Tufts students will also participate in the degree program for incarcerated students through participation in the Tufts chapter of Petey Greene, a national organization that trains and facilitates college students tutoring in correctional facilities. Additionally, some graduate students and Tufts staff are already part of mentor teams coordinated by Partakers.
Research also plays a pivotal role in the program. Binda is continuing to work with Carolyn Rubin, an assistant professor of public health and community medicine at the School of Medicine, Jill Weinberg, an assistant professor of sociology in the School of Arts and Sciences, and Kim Dong, a research assistant professor of public health and community medicine at the School of Medicine on a study involving interviews with formerly incarcerated people who had college experience in prison. In addition, the research team is studying the impact of the TUPIT program to help with program assessment.

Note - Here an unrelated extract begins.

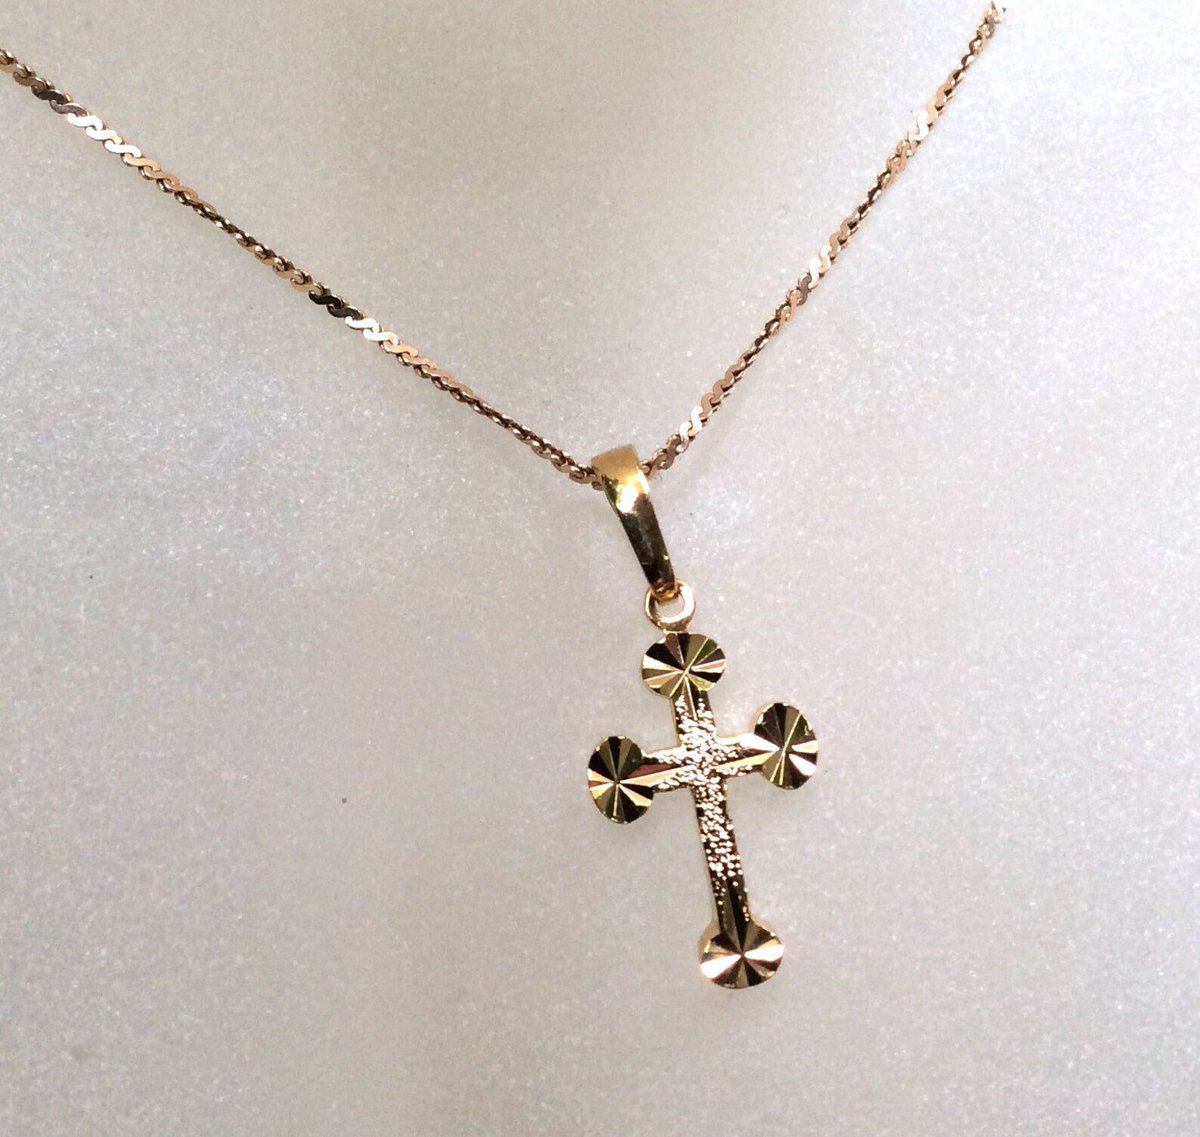 tiny gold Cross Necklace Xuping 10K Cross Easter religious Jewelry, Crow Vanity Canada, Free shipping sale #jewelry #jewelrygifts #giftsforher #crossnecklace #goldcrossnecklace #religiousgifts #giftsforchristians #etsyjewelry #etsyvintage #vintagejewelry

“We know from our first study and from others that having a college degree does break down barriers in terms of gaining access to middle class jobs, and it also opens doors to the possibility of continuing your education,” said Binda. “We’ve also found that educational success is less about the acquisition of facts and more about the sense of self that emerges from the process itself—specifically the sense of self that emerges from positive relationships with the professor, with peers, and even with the correctional staff. Once these students embarked on life outside prison, they brought a new sense of confidence and self-worth with them.”
Tufts has established itself as a frontrunner in Massachusetts in seeing education as inherently linked to prison reforms and re-entry support. It is, in partnership with Bunker Hill, one of the four anchor prison education programs that form the new Mass Prison Education Consortium (MPEC), along with MIT, Boston University, and Mount Wachusett Community College. The consortium, announced in September, is spearheaded by the Educational Justice Institute at MIT and funded with a $250,000 grant from the Vera Institute of Justice and from the Mellon Foundation.